● **EXERCISE AIM**: Retype, exactly and with both ends included, the lines below from the one containing "Before and after healthy" through the end; omit the pictures.

● **DATA TO PROCESS**:
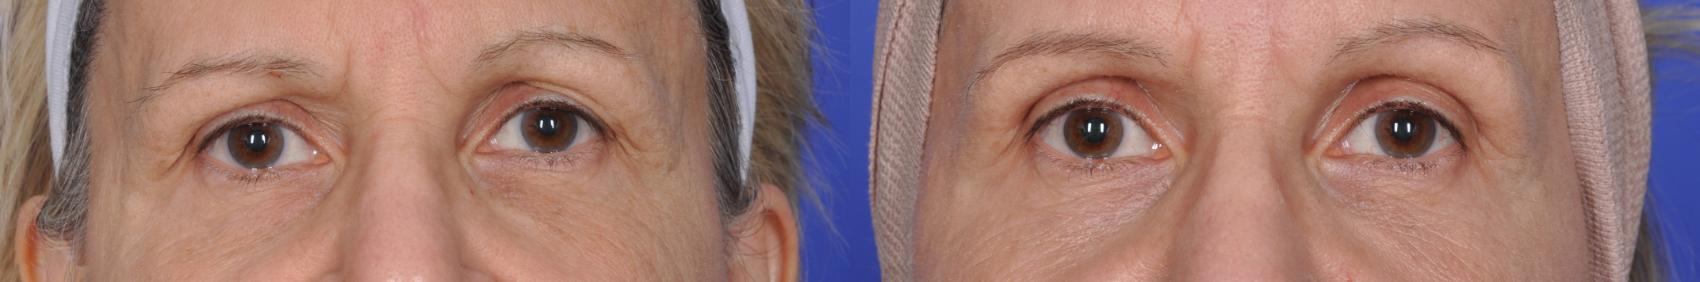 This photo shows before and after of ThermiSmooth eyes treatment where fine lines and deep folds around the eyes are noticeability smoother.
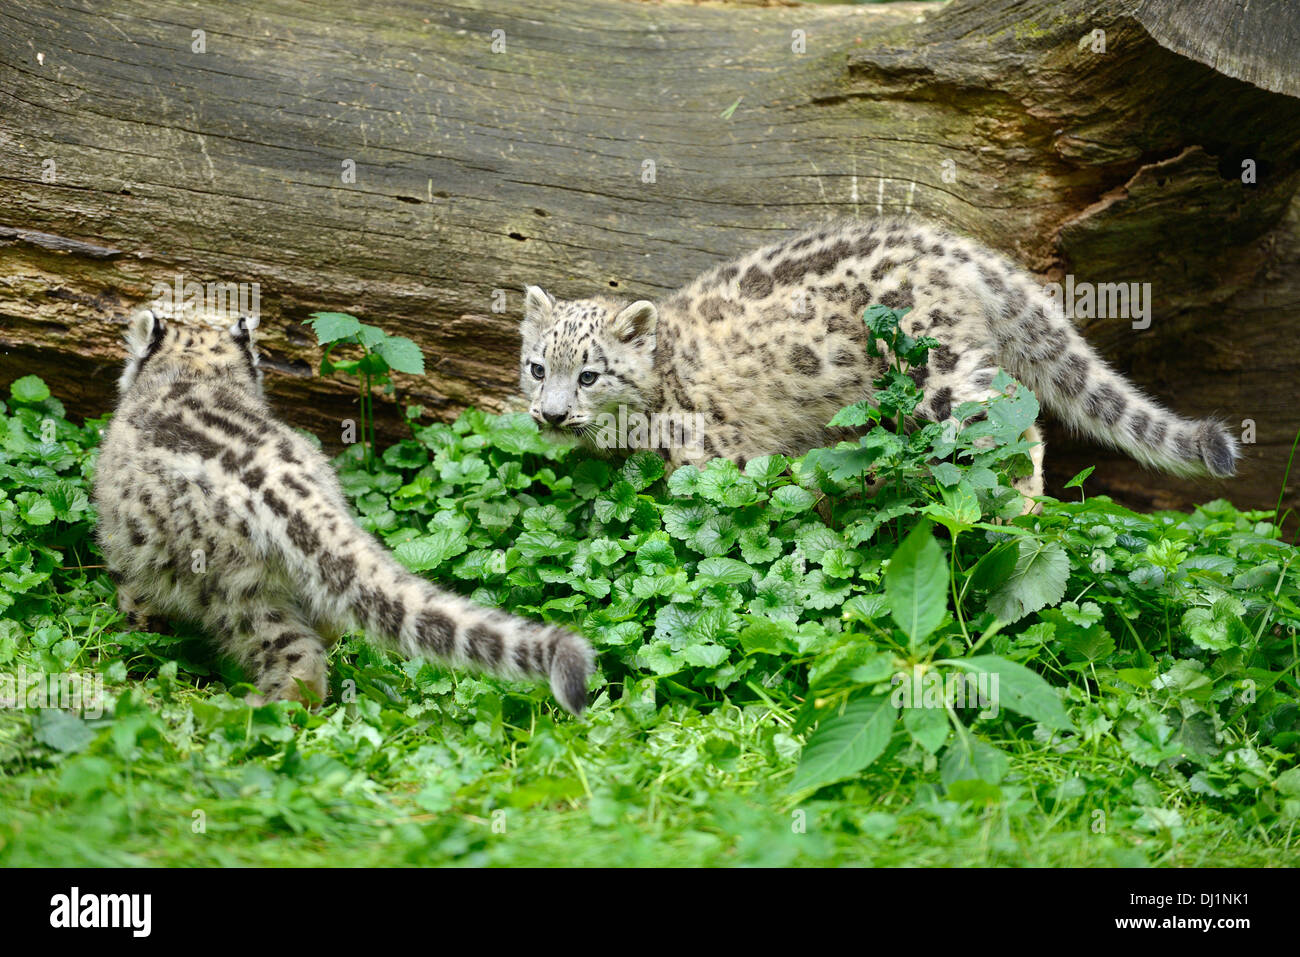 Snow Leopard Panthera unica Two cubs zoo Stock Photo
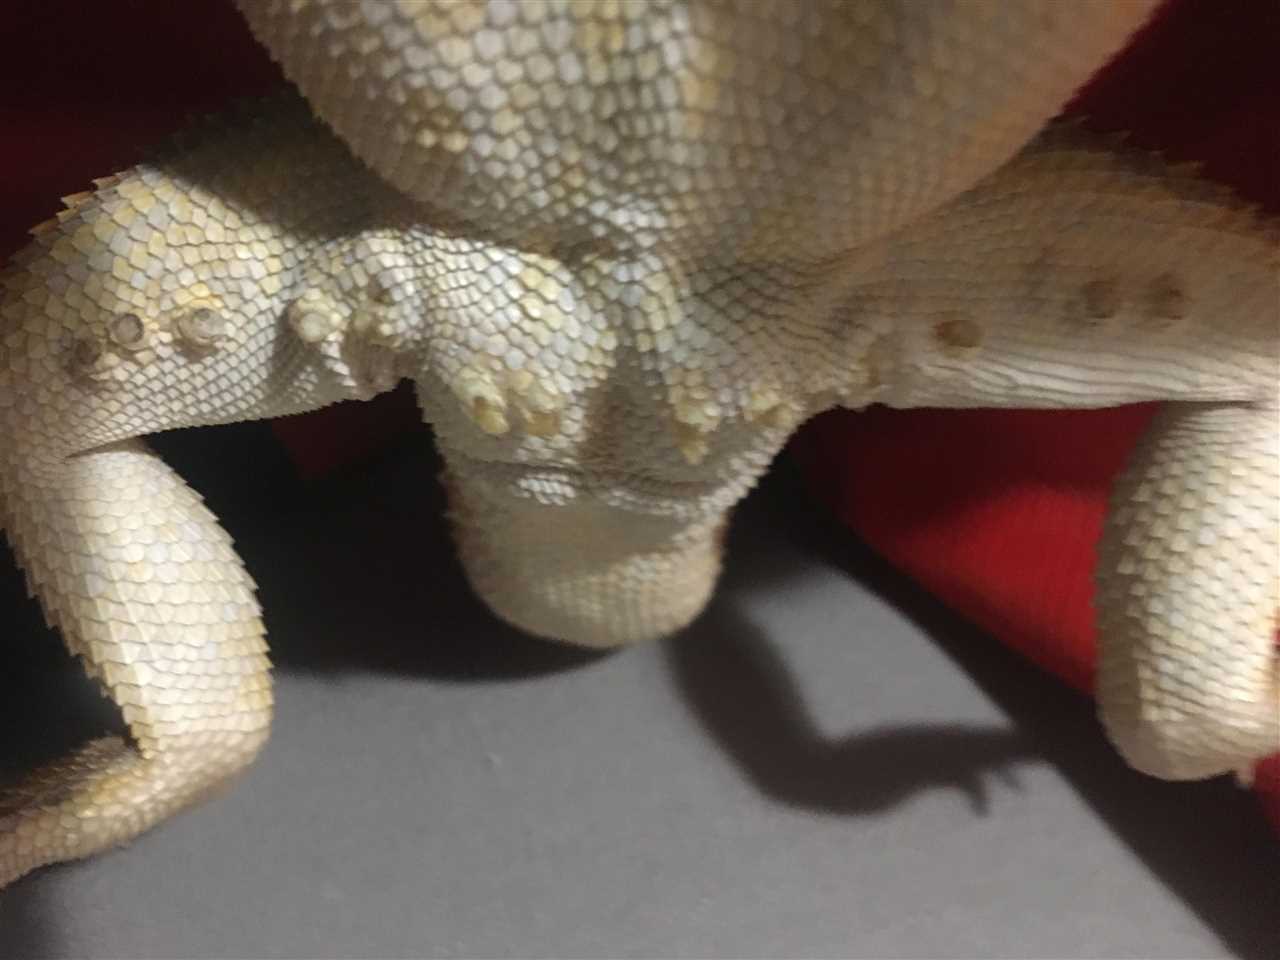 Before and after healthy bearded dragon femoral pores
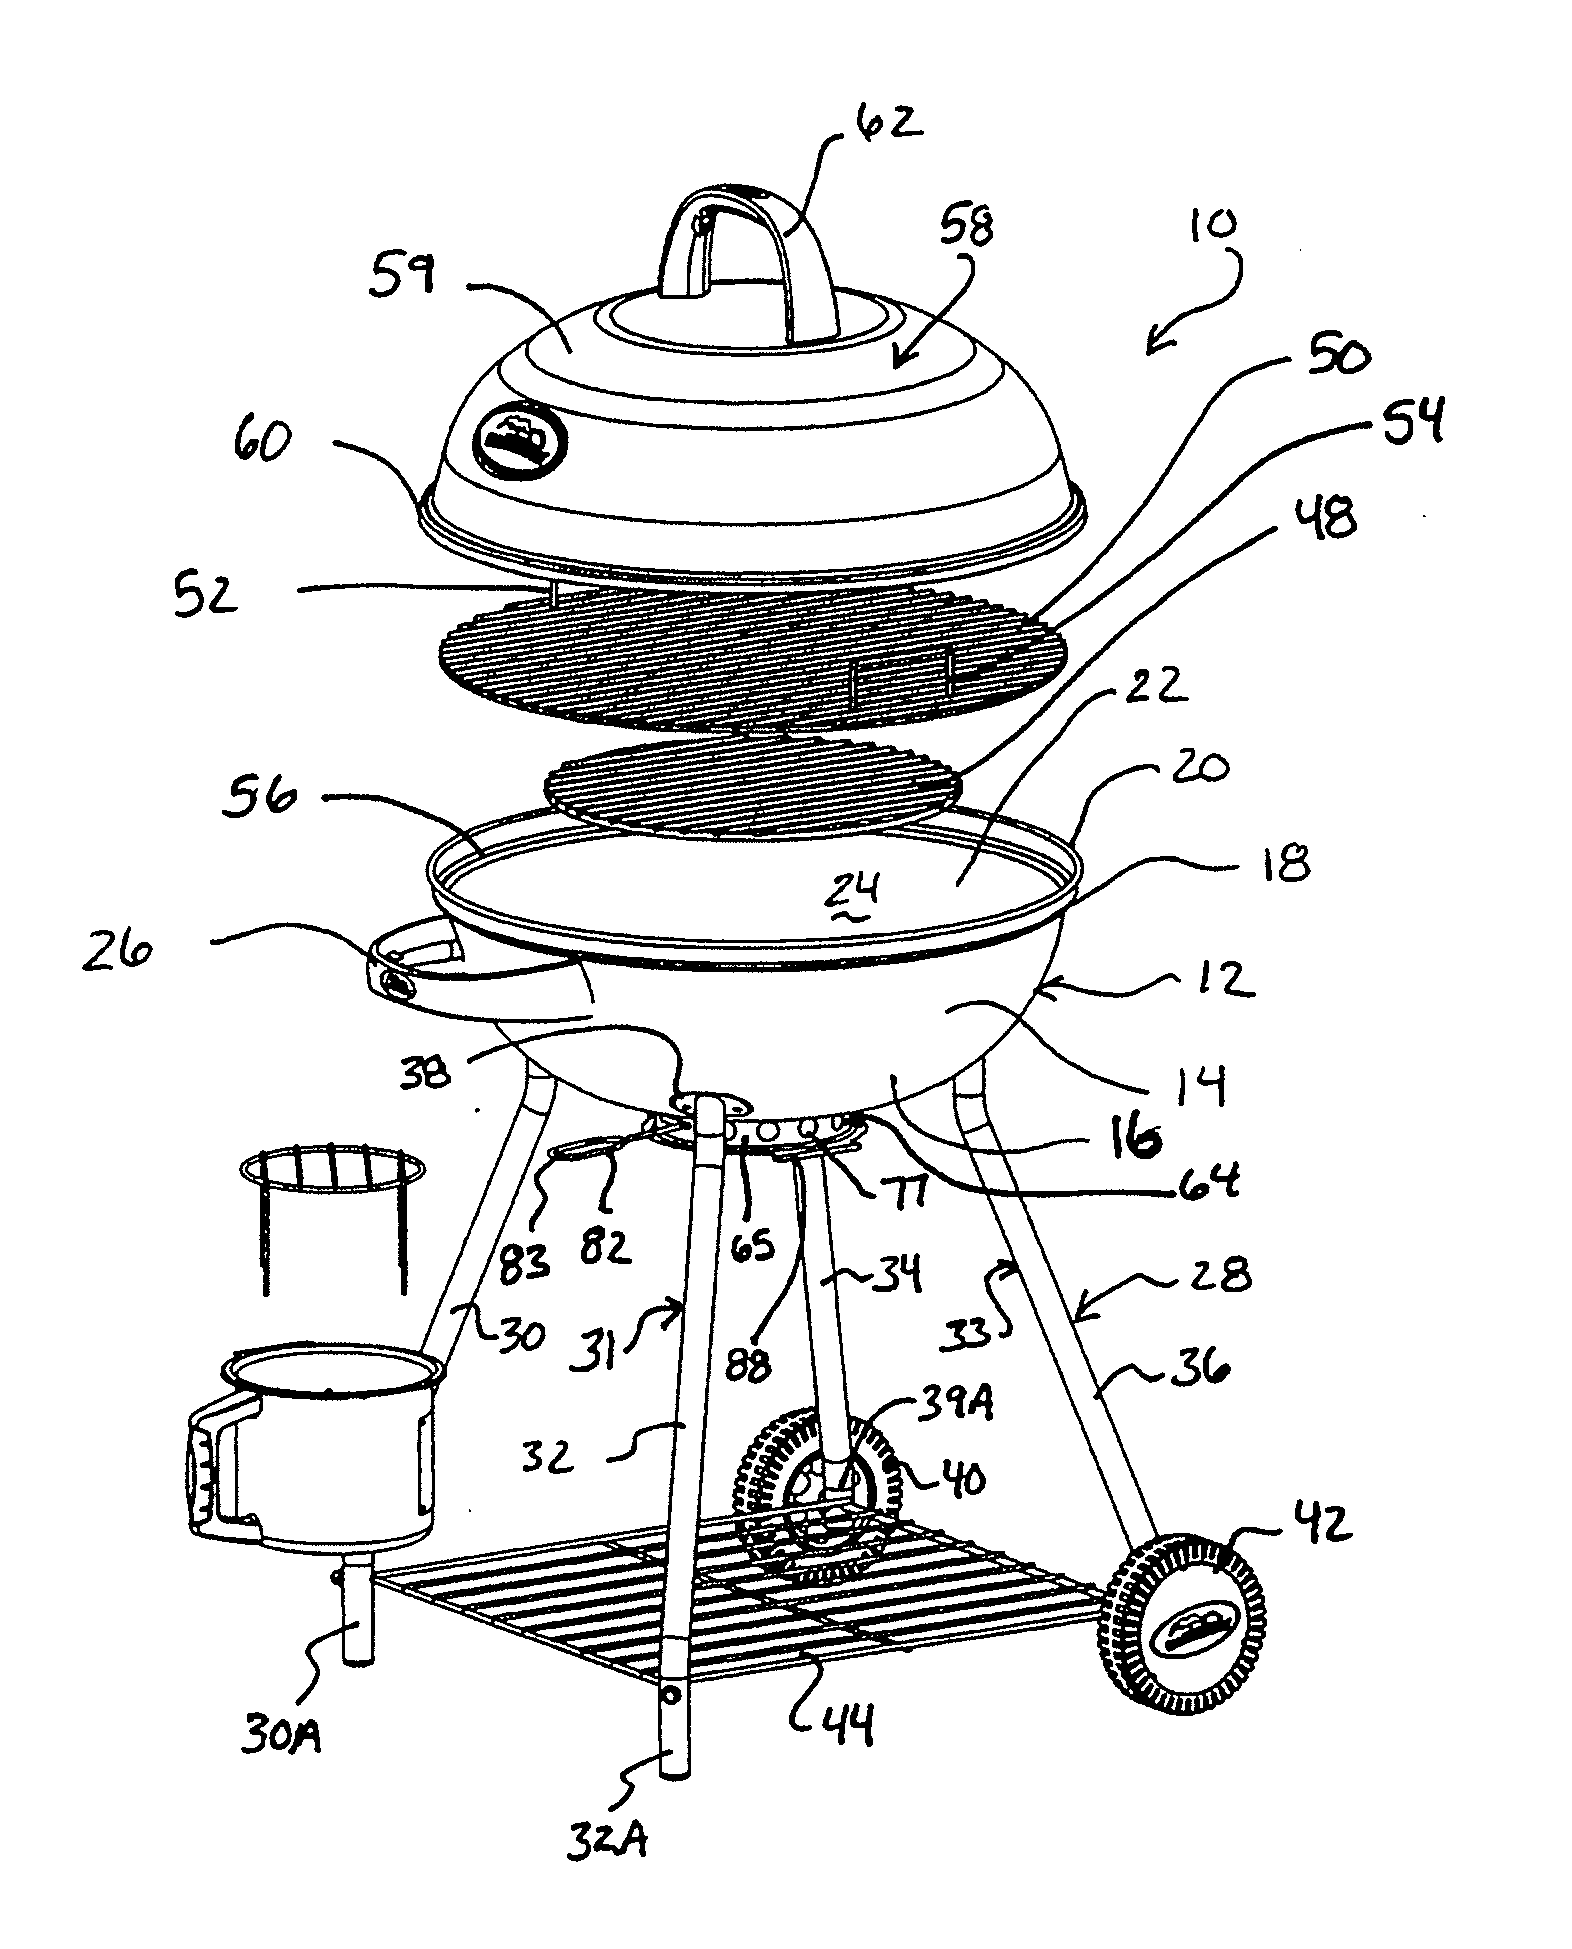 Cooking apparatus with a cooking fuel ignition facilitator and method of assembling and using same
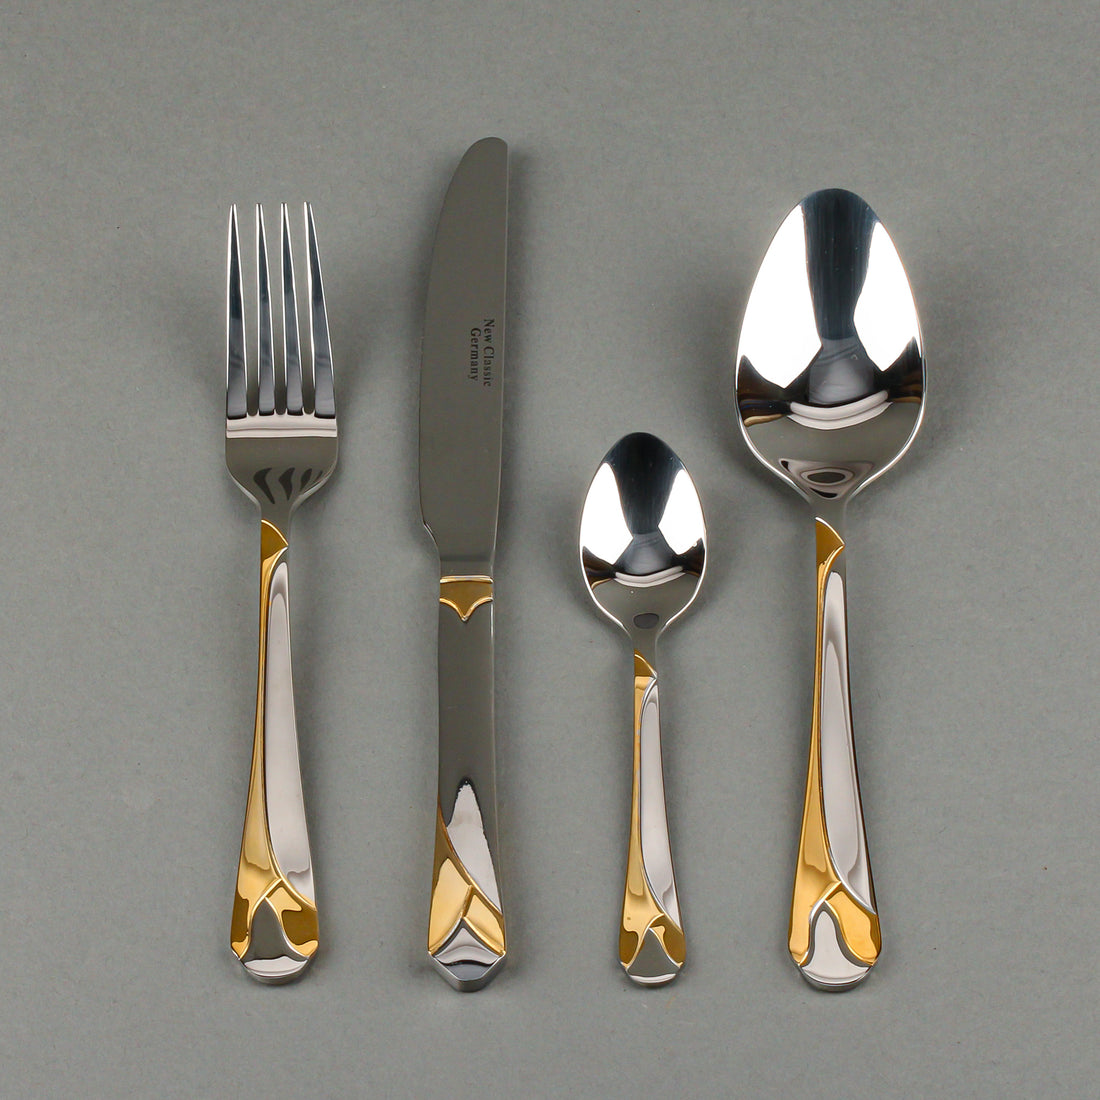 NEW CLASSIC Stainless Steel Flatware - 12 Place Settings +

● **EXPECTED ANSWER**:
 Before and after healthy bearded dragon femoral pores
 Cooking apparatus with a cooking fuel ignition facilitator and method of assembling and using same
 NEW CLASSIC Stainless Steel Flatware - 12 Place Settings +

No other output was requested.